Excuse me as I kiss the sky

 

There has never been a better time in history to sell the major indices. Well, that’s because they’re at all-time highs. Let's just hope we're not Wile E. Coyote in a Road Runner cartoon.  Aside from the continued march higher, A couple of big M&A deals were announced last week. The official announcement of the Salesforce (CRM) acquisition of Slack (WORK.O). S&P Global and IHS Markit announced a $44B all-stock deal. Talks of delisting Chinese stocks from US exchanges continued, and it’s not what I originally thought with those stocks moving to the OTC market. OPEC+ kept us waiting, but they’ve announced a small production hike of 500k barrels per day for next month. 

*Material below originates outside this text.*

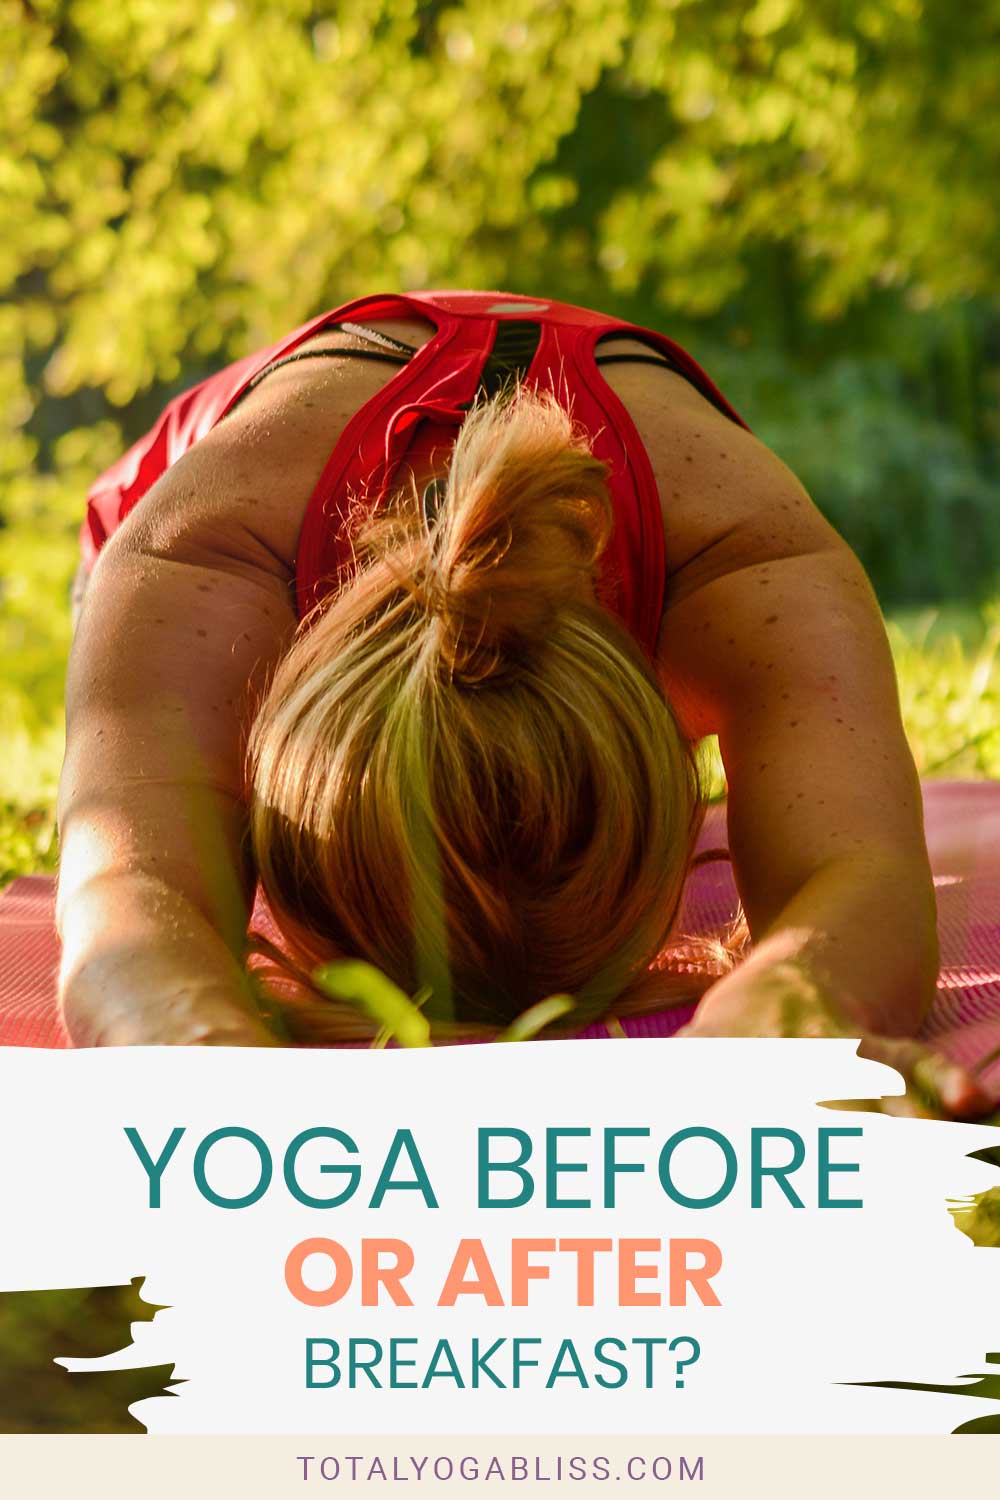 Yoga Before Or After Breakfast?

We’ve got a light earnings’ calendar again, but we’ve still got a few events on the week. Disney (DIS), Starbucks (SBUX,O), and Salesforce (CRM) are holding investor meetings. Some IPOs on the docket too. DoorDash (DASH.K) and Airbnb (ABNB.O) are the big ones, but there are six in total expected following 8 last week. Morgan Stanley is hosting it’s Space Summit on Tuesday and one of the big topics expected to be covered is the list of companies waiting to make their public market debuts.

Earnings Watch

Wow, my names to watch were a bit crazy last week. Zoom (ZM.O) had a killer quarter. The top line revenue of $777M was up 367% from last year and was a 12% surprise from analysts expectations. And that’s still accelerating revenue growth. EPS were $0.99/share, which is up 10x from last year and was a 29.7% surprise. So, why did the stock get sold? Well the forecasts for vaccines and a drop in margins seems to have spooked investors.

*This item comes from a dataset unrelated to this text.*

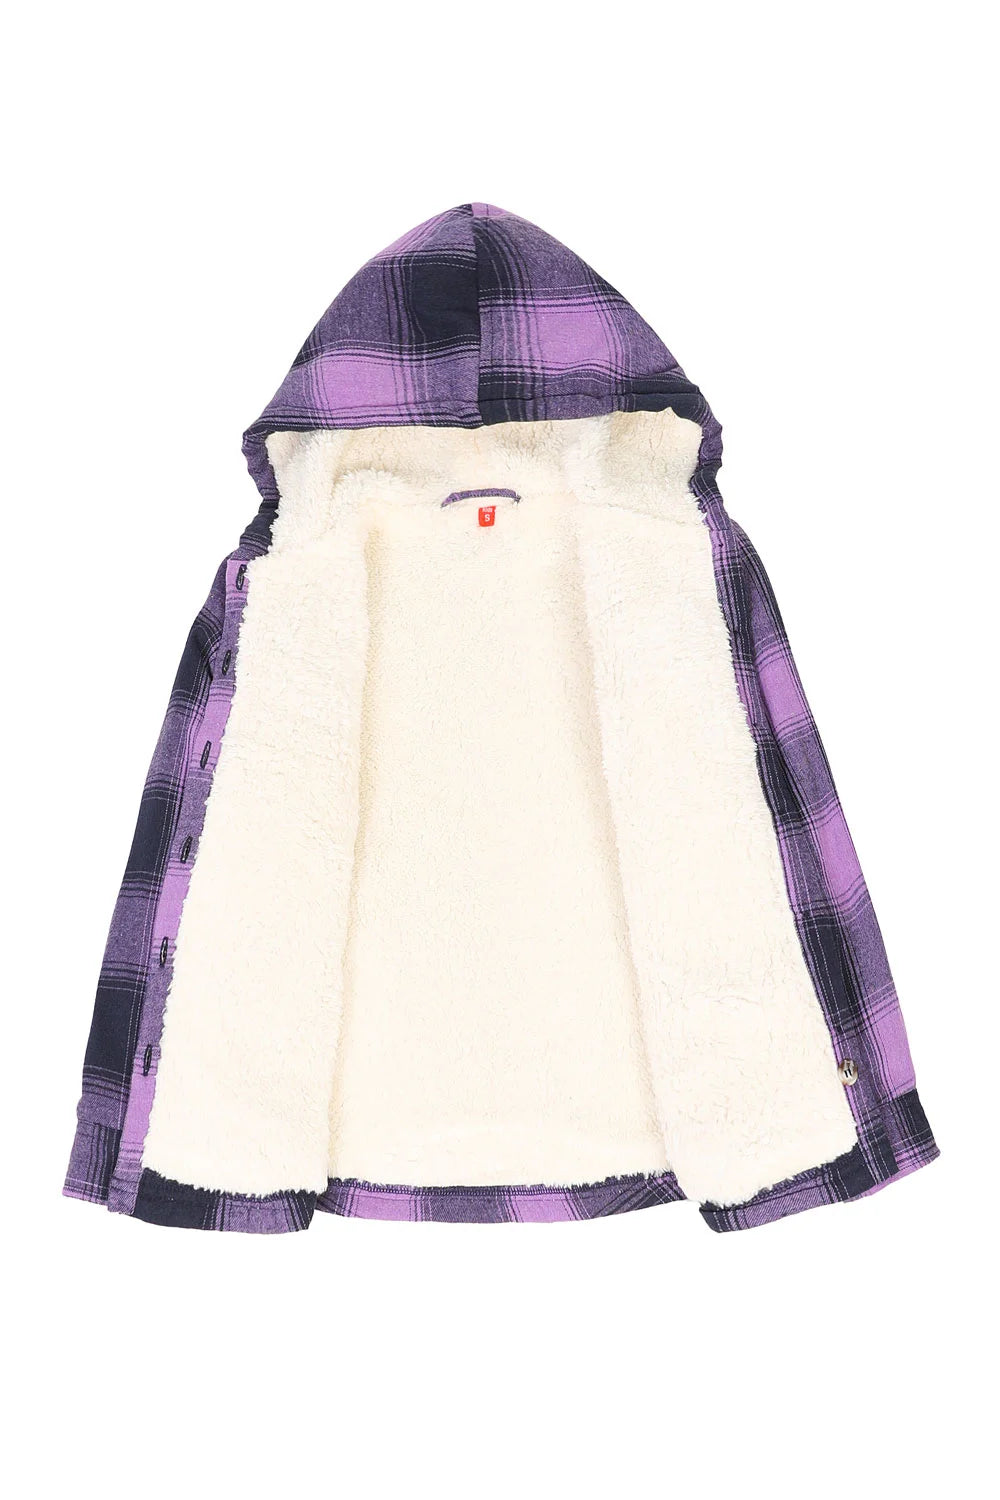 Girls Hooded Plaid Flannel Shirt Jacket,Sherpa Lined
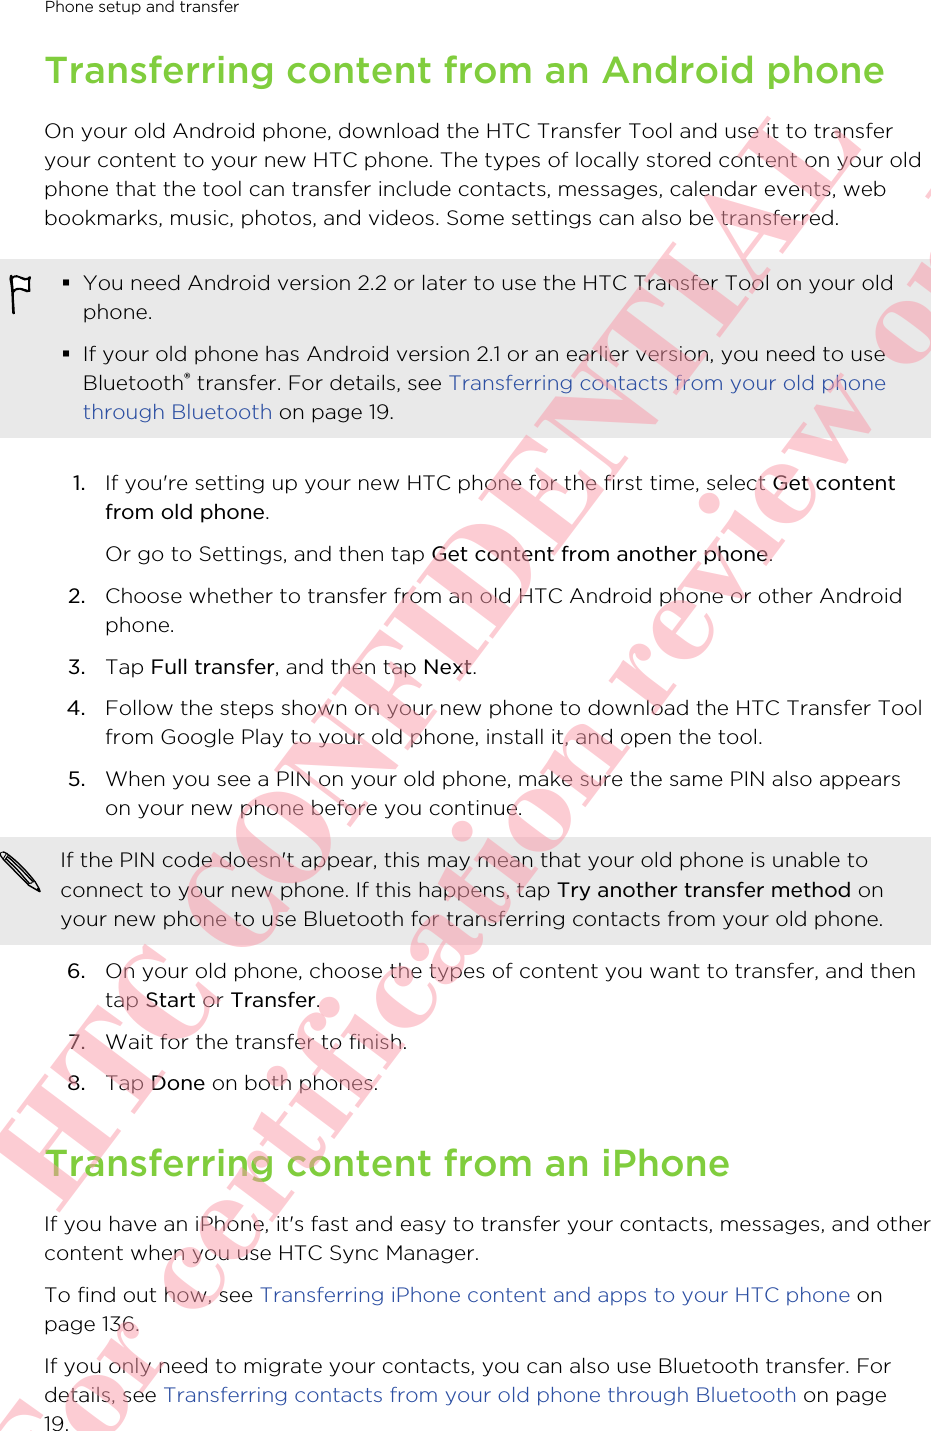 Transferring content from an Android phoneOn your old Android phone, download the HTC Transfer Tool and use it to transferyour content to your new HTC phone. The types of locally stored content on your oldphone that the tool can transfer include contacts, messages, calendar events, webbookmarks, music, photos, and videos. Some settings can also be transferred.§You need Android version 2.2 or later to use the HTC Transfer Tool on your oldphone.§If your old phone has Android version 2.1 or an earlier version, you need to useBluetooth® transfer. For details, see Transferring contacts from your old phonethrough Bluetooth on page 19.1. If you&apos;re setting up your new HTC phone for the first time, select Get contentfrom old phone. Or go to Settings, and then tap Get content from another phone.2. Choose whether to transfer from an old HTC Android phone or other Androidphone.3. Tap Full transfer, and then tap Next.4. Follow the steps shown on your new phone to download the HTC Transfer Toolfrom Google Play to your old phone, install it, and open the tool.5. When you see a PIN on your old phone, make sure the same PIN also appearson your new phone before you continue. If the PIN code doesn&apos;t appear, this may mean that your old phone is unable toconnect to your new phone. If this happens, tap Try another transfer method onyour new phone to use Bluetooth for transferring contacts from your old phone.6. On your old phone, choose the types of content you want to transfer, and thentap Start or Transfer.7. Wait for the transfer to finish.8. Tap Done on both phones.Transferring content from an iPhoneIf you have an iPhone, it&apos;s fast and easy to transfer your contacts, messages, and othercontent when you use HTC Sync Manager.To find out how, see Transferring iPhone content and apps to your HTC phone onpage 136.If you only need to migrate your contacts, you can also use Bluetooth transfer. Fordetails, see Transferring contacts from your old phone through Bluetooth on page19.Phone setup and transfer       HTC CONFIDENTIAL For certification review only

Cracker Barrel (CBRL.O) reported better than expected numbers as well, but I think this is one of those names where analysts were just a little reluctant to be aggressive. The top and bottom line look good at first glance, but comparable store sales dropped more than 16% and more of its restaurants are being forced to close under restrictions.

This week’s calendar is light again, only about 50 names reporting in the US and Canada. The names that are reporting though are some big ones. Adobe (ADBE.O), Oracle (ORCL.O) and Broadcom (AVGO.O) on the technology front. Also a few retailers in Costco (COST.O), Lululemon Athletica (LULU.O), and one of my favorite companies, Brown-Forman (BFb). I really don’t have anything that catches my eye to check out.

Best of the Week:

An excellent article from Institutional Investor on Short sellers. This is on the longish side, but worth understanding how a short can sometimes come into play. I’ve shared some interviews with those that do work on the short side. It can be a very tough, sometimes even dangerous business, to be publicly short on a name. This article reviews one of the ways a smaller research shop can make money off a great find. For some reason there is a lot of cognitive dissonance around short opinions. For some reason, the masses are good with positive reports sending stocks shooting higher, but not with negative reports. Companies are obviously against this information being exposed, and these reports can lead to legal battles. This articles reviews how people that find the negative info can profit from it without being exposed to the legal battles and attacks.

The Dark Money Secretly Bankrolling Activist Short-Sellers — and the Insiders Trying to Expose It


Best of the Rest:

I’ve been highlighting the many opinions that inflation is coming. Last week Paul Tudor Jones joined the crowd of the opinion that a boom time is coming once the vaccine takes hold. I think this view has been what is pushing the equity markets higher and continues to drive many trading/investing themes.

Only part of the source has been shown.